After completing both of the readings, I have elected to focus on the article that outlines 12 problems with World War 2, and I am going to provide my opinion on these listed problems as I tend to disagree with most of what was said. To begin, “World War 2 Was Not a Just War” provides 12 examples of why WW2 was unjustified and why the United States should have approached entering and fighting the war differently. The article posed many ideas that appear to be more hopeful conspiracy theories than actual, proven knowledge. For example, reason 2 alludes to the idea that FDR intentionally prompted the Japanese to strike pearl harbor for the sole purpose of having an excuse to join the war. This is not proven, nor does this make sense as the Japanese would never have agreed to this proposal knowing that they would eventually be attacked by the United States and lose many, many Japanese citizens. Also, reason 4 delineates the idea that WW2 was not a defensive war and that the United States’ president, FDR, lied about Nazi intentions to rally the American people into desiring war. Again, I do not believe that this is true as the United States would be in shambles if it was proven to be true that the president lied so the country could intentionally incite violence in a foreign territory with the sole purpose of killing.

Furthermore, there are other points in the text that I also believe to be untrue based on familial experience.
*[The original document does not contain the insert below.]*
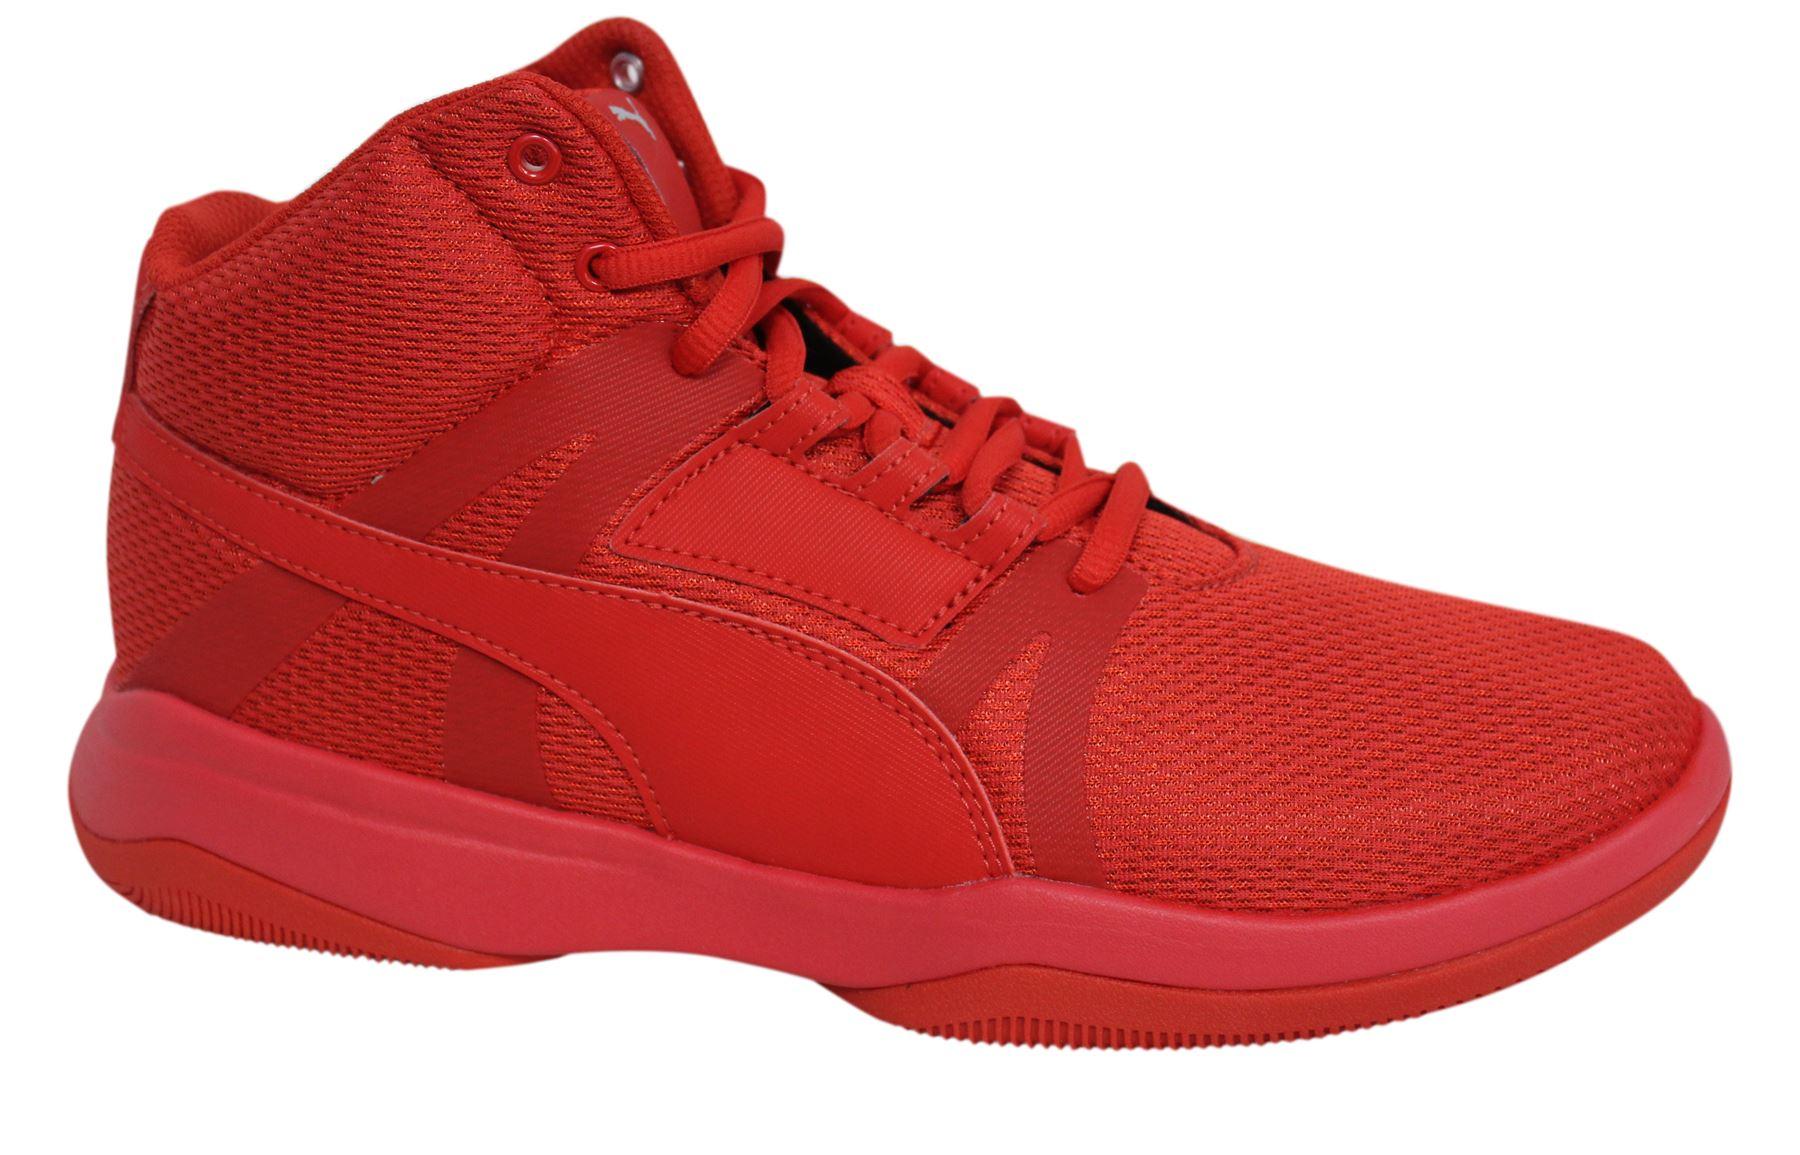 6d980ef78 Puma Evo rimbalzo Street stringate rosso tessile Mens Mid scarpe da  ginnastica alte 361171 07 M14

In high school, I was tasked with tracing my familial roots by talking to my grandparents and great grandparents about their life and immigration stories. I am Jewish and my ancestors fled from Europe during the WW2 era in an attempt to flee the anti-Semitic nature of their home as well as find a new beginning as being a European jew at this time was difficult. Through recounted stories, I uncovered that my ancestors came to America and were welcomed with love, promise, and opportunity the moment they arrived. This directly contradicts the statements and content of argument number 3 saying that the United States had a negative and unwelcoming attitude towards Jewish refugees. That same story holds true with many of my Jewish friends as well.

Finally, I take a large problem with the idea of demilitarization that is proposed multiple times throughout the article for example in reasoning number(s): 6&12. The United States is a world power that maintains our status as a dominant country through military ability. While we are not conquering or seeking un-necessary wars, we delegate money to our military as a preventative measure that protects American citizens, our allies, and our democratic style of government that allows us Americans freedoms that are forbidden all over the world. There are countries like North Korea and China that despise the United States’ type of government, and it wouldn’t be a surprise if a war were to arise because of this at some point. The sole knowledge that those countries possess of our military strength often defuses potential war situations because the United States’ military has the power to defend the country from any foreign threat across the globe. Pouring money into military funding keeps the United States’ homeland safe, and protects the freedoms and safeties that we all take for granted every day.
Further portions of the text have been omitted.